170 Angriffe auf Mitarbeiter der Bahn

170 Angriffe auf Lokführer, Zugbegleiter und Sicherheitskräfte sind zuletzt in Schleswig-Holstein bei der Bahn registriert worden. Die Bundespolizei in Kiel zählte zwölf Strafanzeigen wegen Körperverletzungen und Beleidigungen.

Lesen Sie hierzu auch: KN-Talk - Schlechte Noten für die Bahn

Bundesweit wurden 2017 rund 2550 Körperverletzungen gemeldet. Zum Vergleich: 2015 hatte die Bahn mit 1876 Körperverletzungen fast 700 Angriffe weniger gezählt. Die Bilanz für das vergangene Jahr liegt noch nicht vor. In den ersten Monaten 2018 zeichnete sich jedoch bereits ein weiterer Anstieg ab.

Viele Übergriffe auf Kontrolleure an Wochenenden

Die Bundespolizei beobachtet auf Bahnhöfen und in Zügen, dass „Pöbeleien und Respektlosigkeiten grundsätzlich zunehmen“, sagt der Kieler Behördensprecher Sven Klöckner. Auch den Berufsgenossenschaften bereitet die Entwicklung Sorge: „Übergriffe auf Beschäftigte gehören in der Branche ÖPNV/Bahnen zum alltäglichen Geschäft“, heißt es bei der Verwaltungs-Berufsgenossenschaft (VBG).
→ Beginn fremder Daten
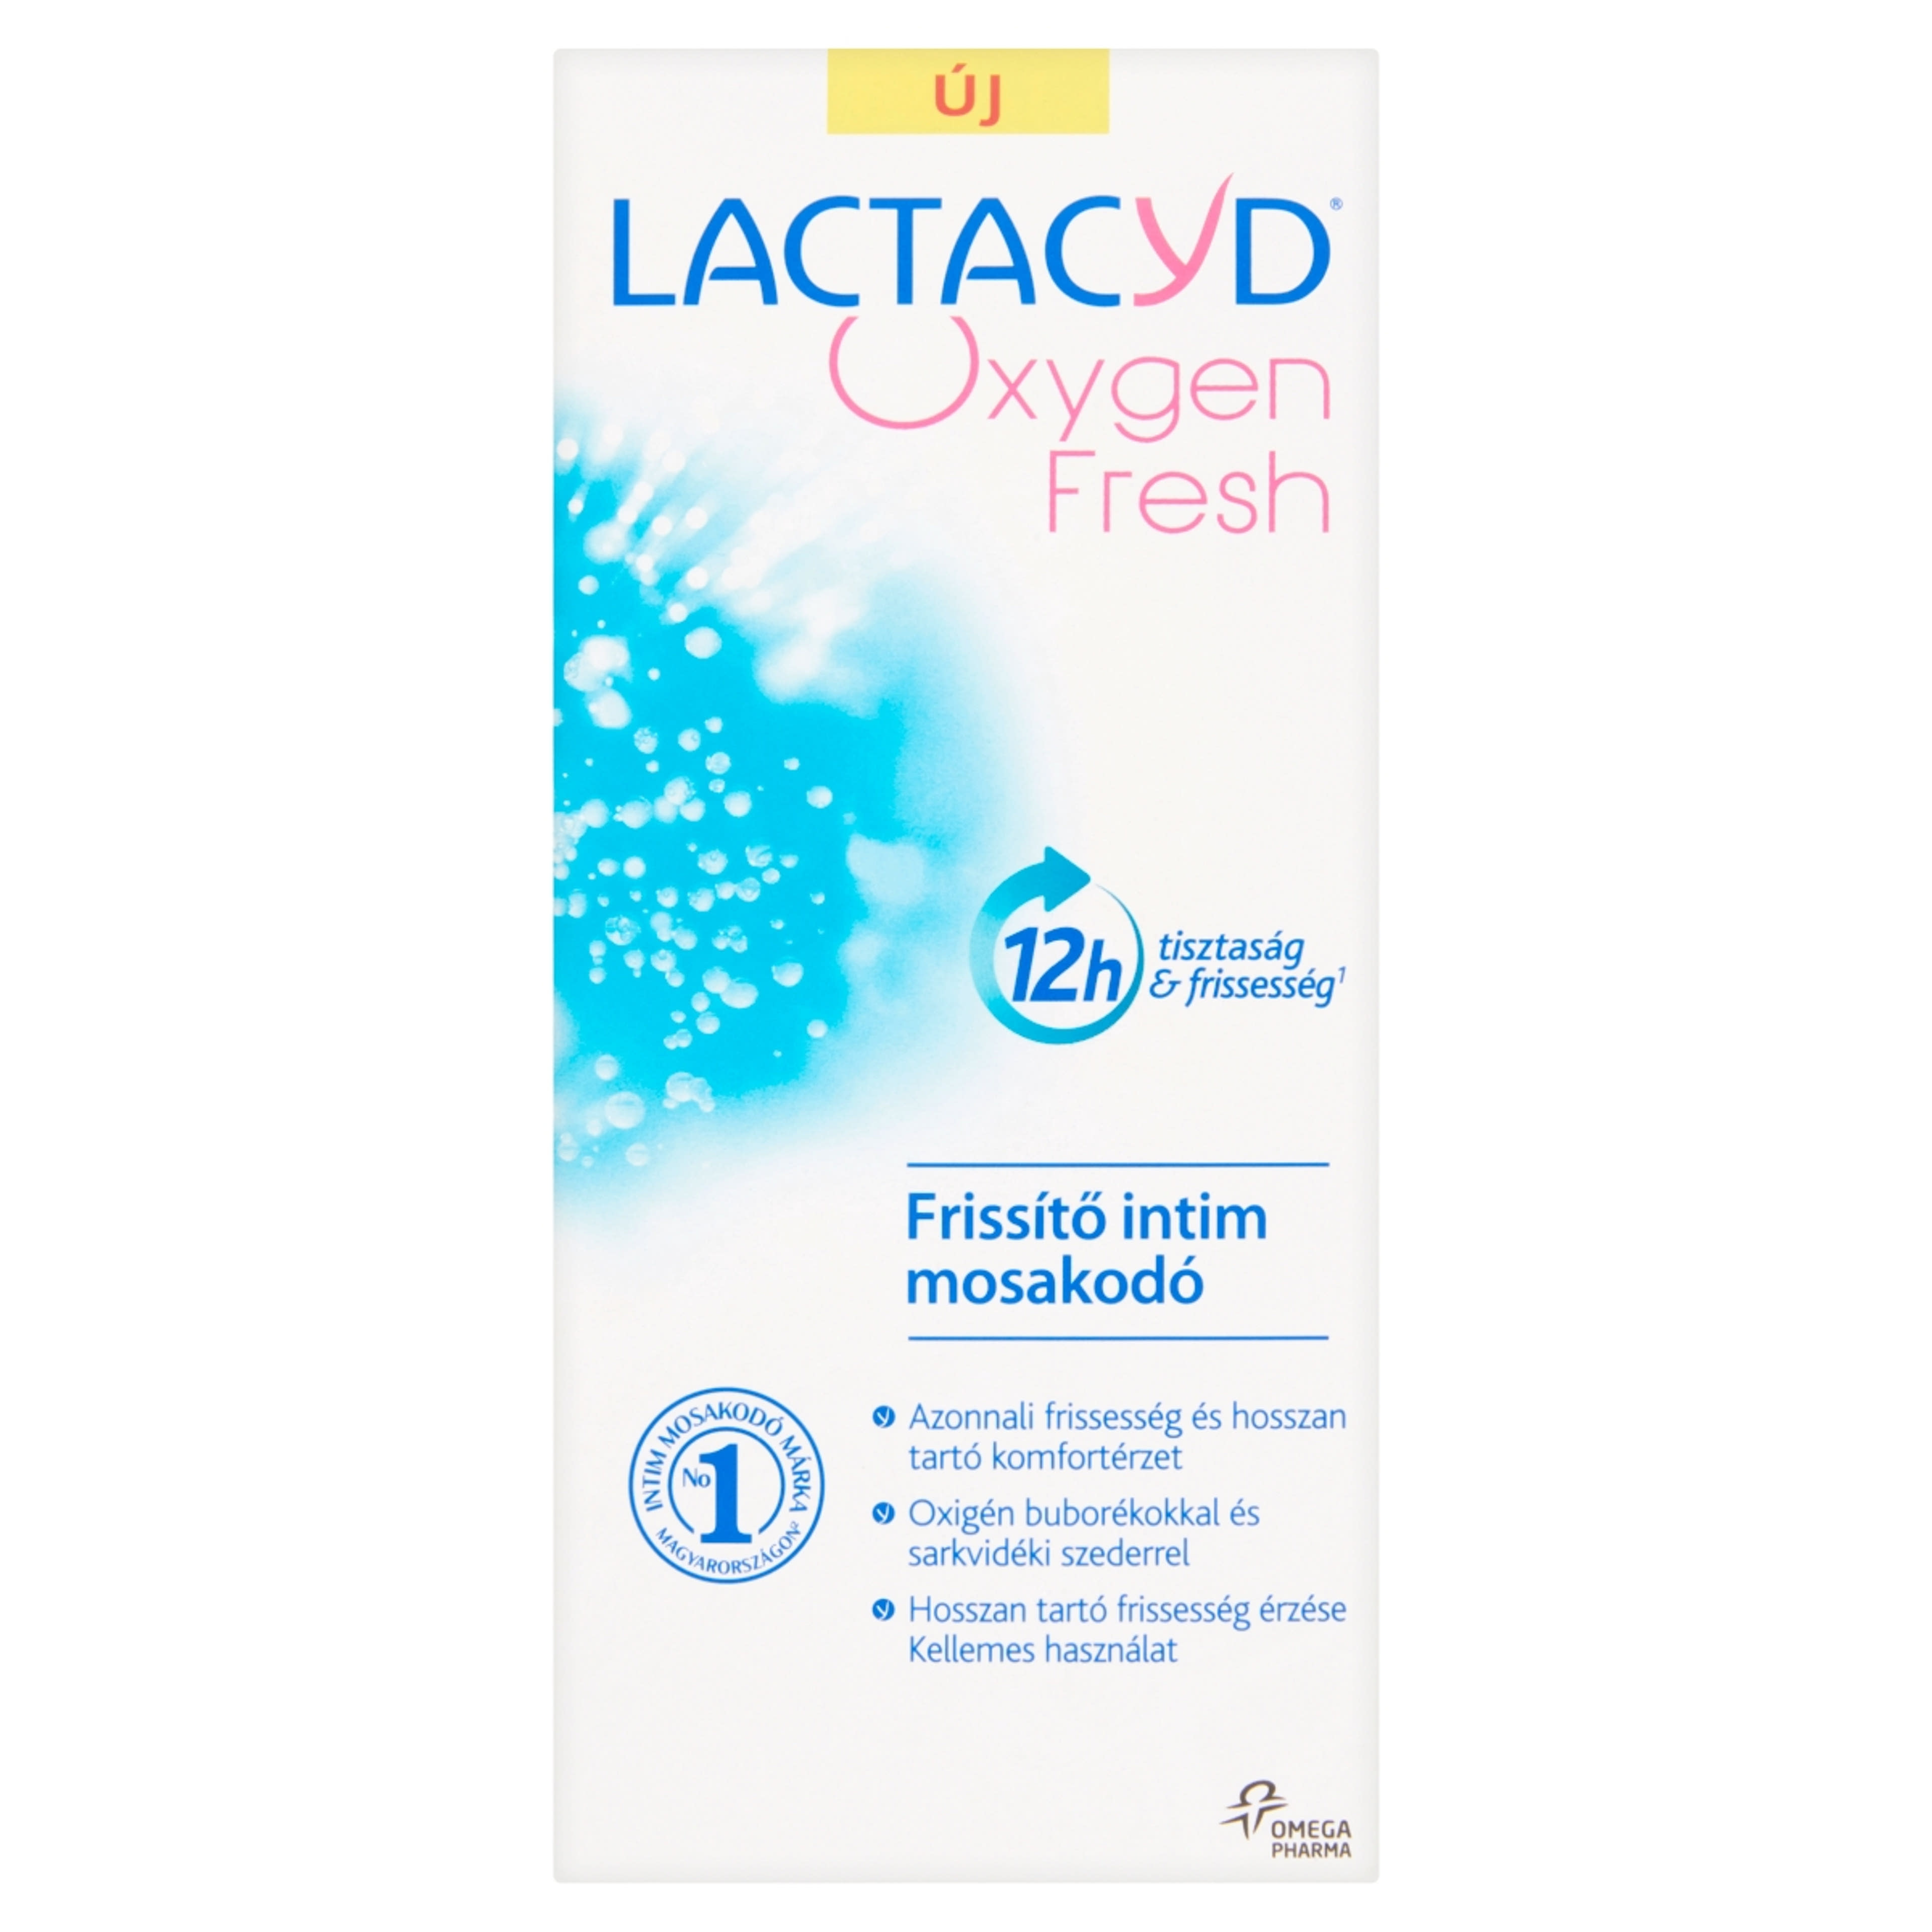 Lactacyd Oxygen Fresh intim mosakodó - 200 ml

Rund zehn Prozent der bei der VBG gemeldeten Arbeitsunfälle der Branche seien Übergriffe. Nach Zahlen der Eisenbahn- und Verkehrsgewerkschaft EVG ist die Zahl von Körperverletzungen im Regionalverkehr deutlich höher als im Fernverkehr. Besonders viele Übergriffe ereignen sich an den Wochenenden.

Der niedergeschlagene Kontrolleur der KVG befindet sich auf dem Weg der Besserung. Er wolle kommende Woche wieder zur Arbeit gehen, berichtete eine Sprecherin. Das Kieler Unternehmen selbst sieht keine Zunahme von Gewaltdelikten gegen Kontrolleure oder Fahrer und nennt auf Nachfrage „etwa einen Vorfall dieser Art im Jahr“.